To verify the installs, plug in the ST-Link programmer and open the ST-Link Utility software. You should be able to connect to the board and view the program memory, assuming it all worked correctly. Make sure you externally power the board when you do this. If this doesn't work, look in the Device Manager and verify the driver has properly installed.

Step 7: Program the board

Finally, the exciting part: putting your software into the hardware!

Programming the Autopilot Chip

First, plug in the programmer to your computer and the programming port on the ZeroPilot. Make sure you plug the programmer into the programming port for the Autopilot chip, since there are 2 programming ports on the board. Open a bash terminal (you can use VSCode's integrated terminal) and navigate to ZeroPilot-SW/Autopilot. Then, run the following command: Tools\build.bash -f. This will compile the project and flash it to the board. To get a full list of options, use Tools\build.bash -h. If you get errors about CMake cache, use the -c option to remove the cache and generate a new one.
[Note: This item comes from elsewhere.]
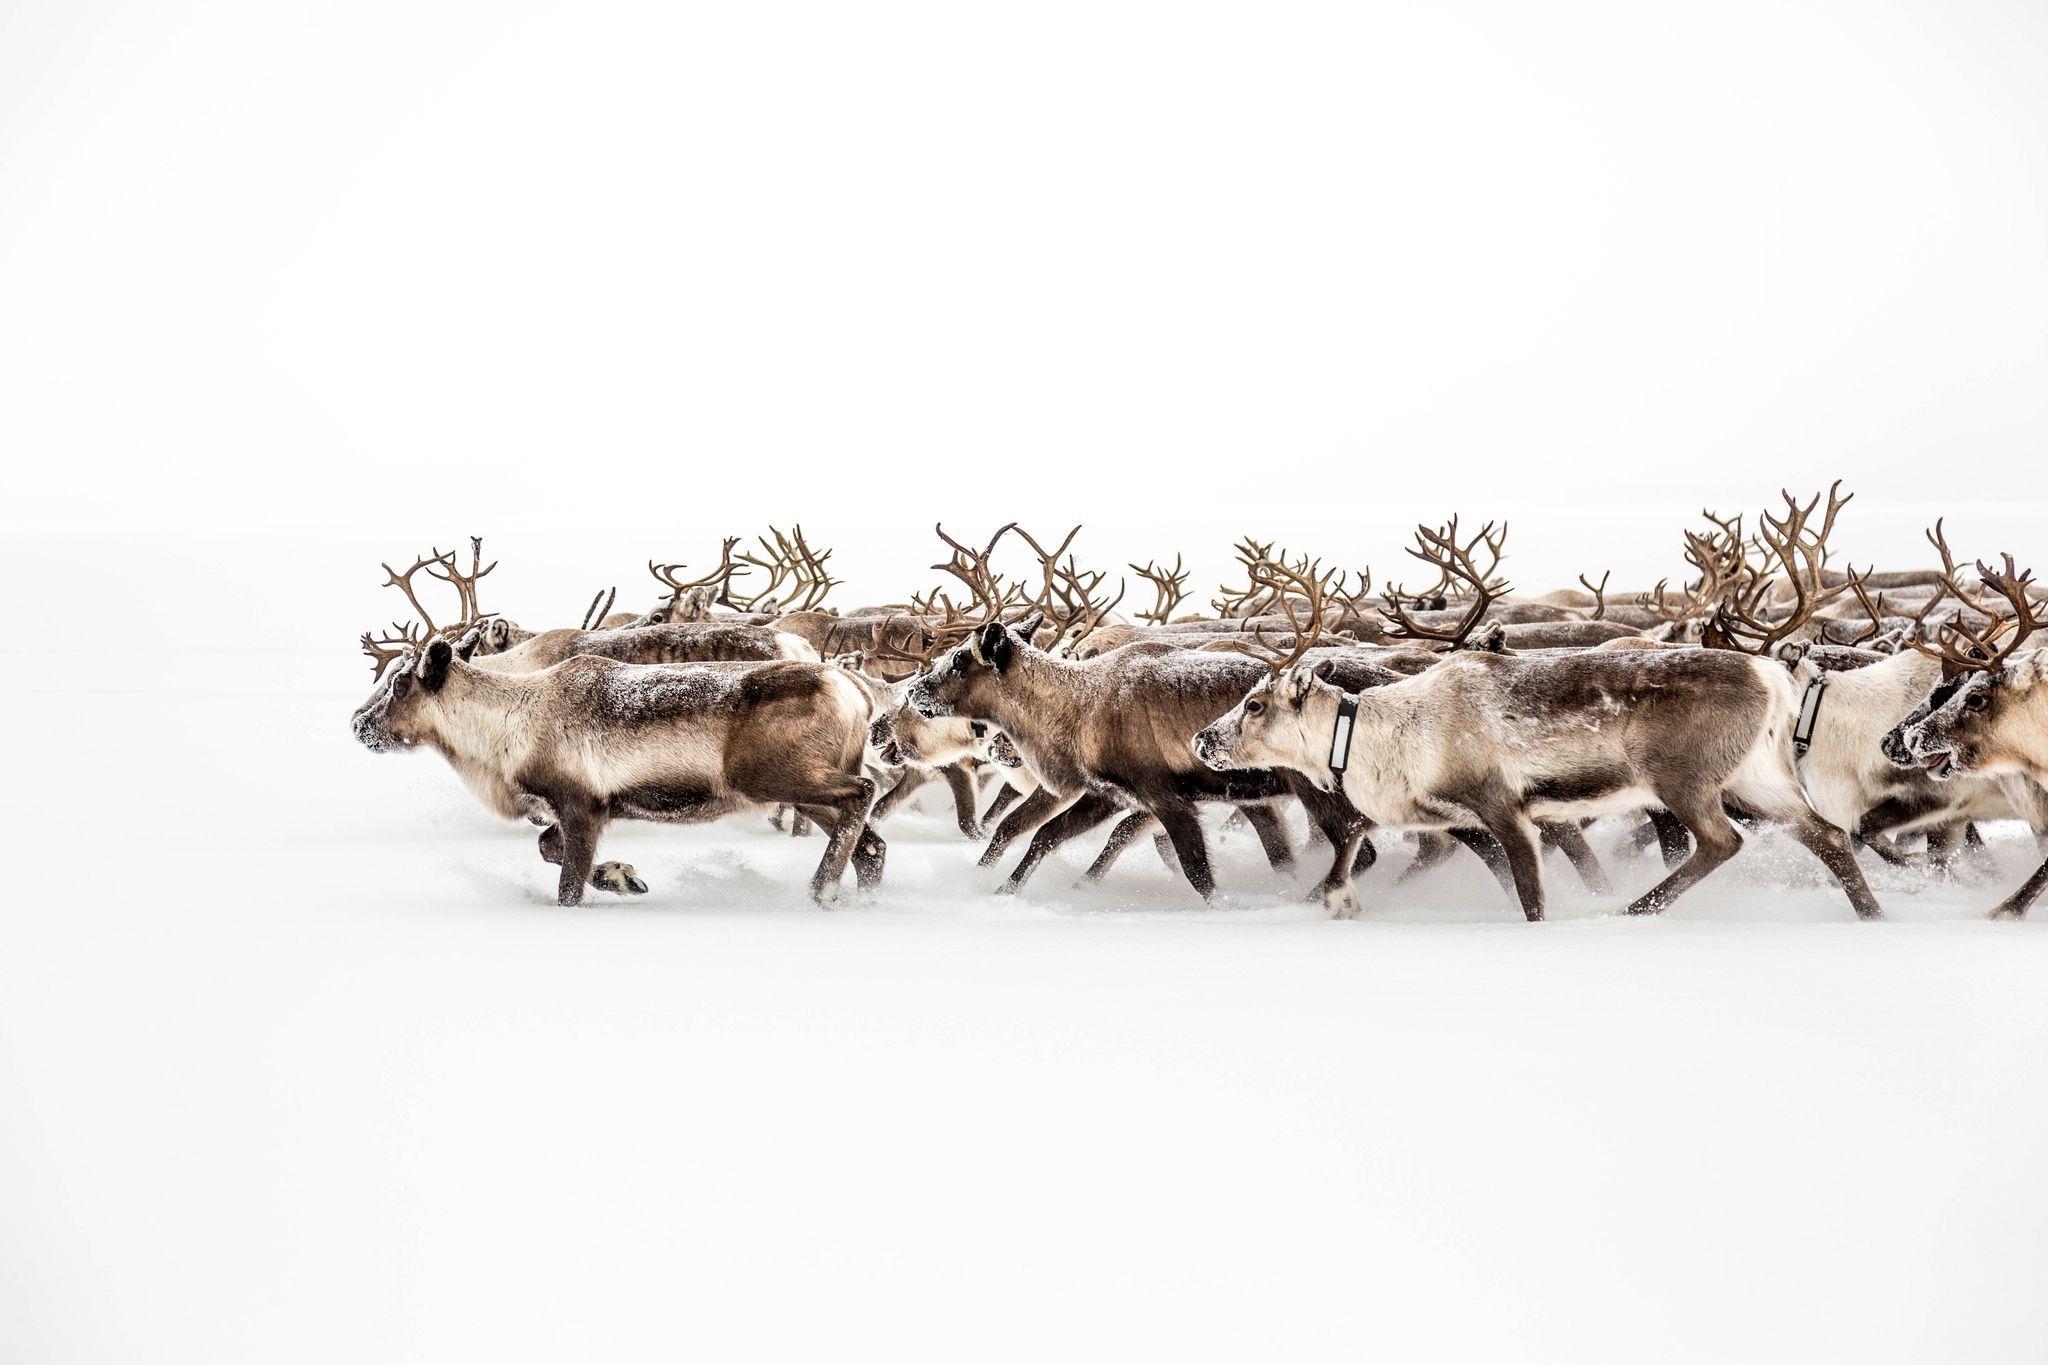 Deers in snow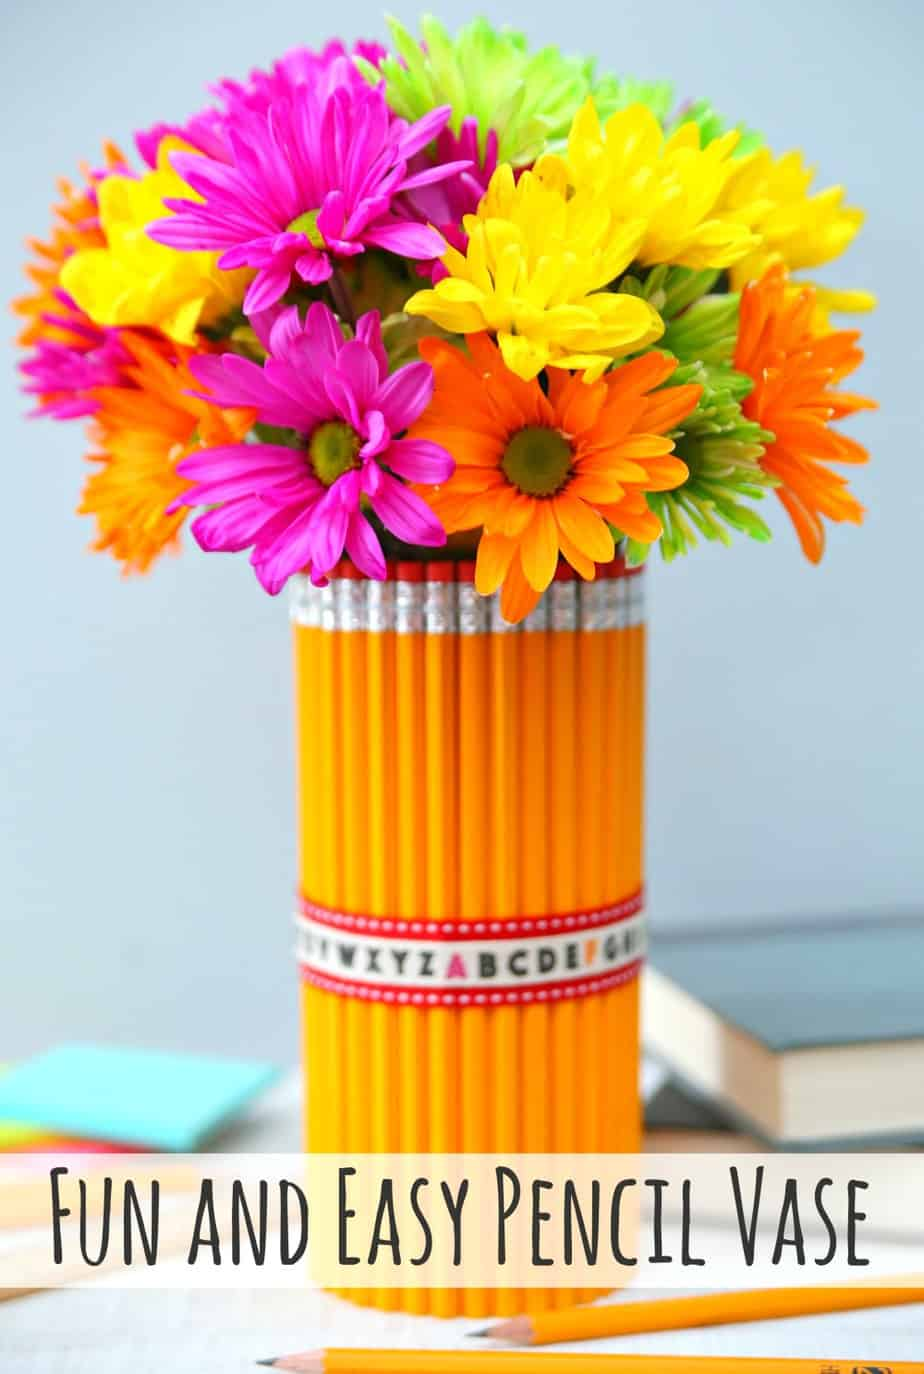 Fun and Easy Pencil Vase 1

Programming the Safety Controller Chip

The Safety controller can currently be programmed by navigating to ZeroPilot-SW/Safety and running make install. However, this needs to be updated to work with Ninja and Cmake in the future.

Step 8: Serial Terminal Debugging

A useful feature for the ZeroPilot is to be able to print statements to a terminal so you can debug what is going on inside the chip. To view the serial terminal, you need a serial terminal viewer. Common terminals are Putty, Coolterm, and RealTerm. The arduino IDE also has a built in serial terminal that can be used. For this tutorial, Tera Term will be used as an example.

To start, download Tera Term from their website. Plug in a USB to UART adapter, which should be terminated with a connector to plug into the 3 pin ZeroPilot debug port. Open the program and Select "Serial" (not TCP/IP). Select the port for the debugger. If you are unsure which serial port goes with the debugger, you can view all of your ports in the device manager.

Once you have the port open, you need to set the baudrate to 115200. This determines the speed of data, and is configured in the ZeroPilot software to be that speed. To select the baud rate, go to Setup -> Serial Port and change the baudrate to 115200.

Reset the board using the ST-Link utility, reprogramming the board, or power cycling the board. When it boots up, you should see some print statements show up on the terminal. If the symbols don't make any sense (i.e. not normal ASCII characters), check the baudrate and other settings, and that you have selected the correct serial port. The complete list of parameters is listed below.

  • Baudrate: 115200
  • Data: 8 bit
  • Parity: None
  • Stop: 1 bit
  • Flow Control: None

Now you have all the tools you need to start programming! Our toolchain is contantly evolving, so if you have any suggestions on how to make the toolchain easier or more efficient, let us know!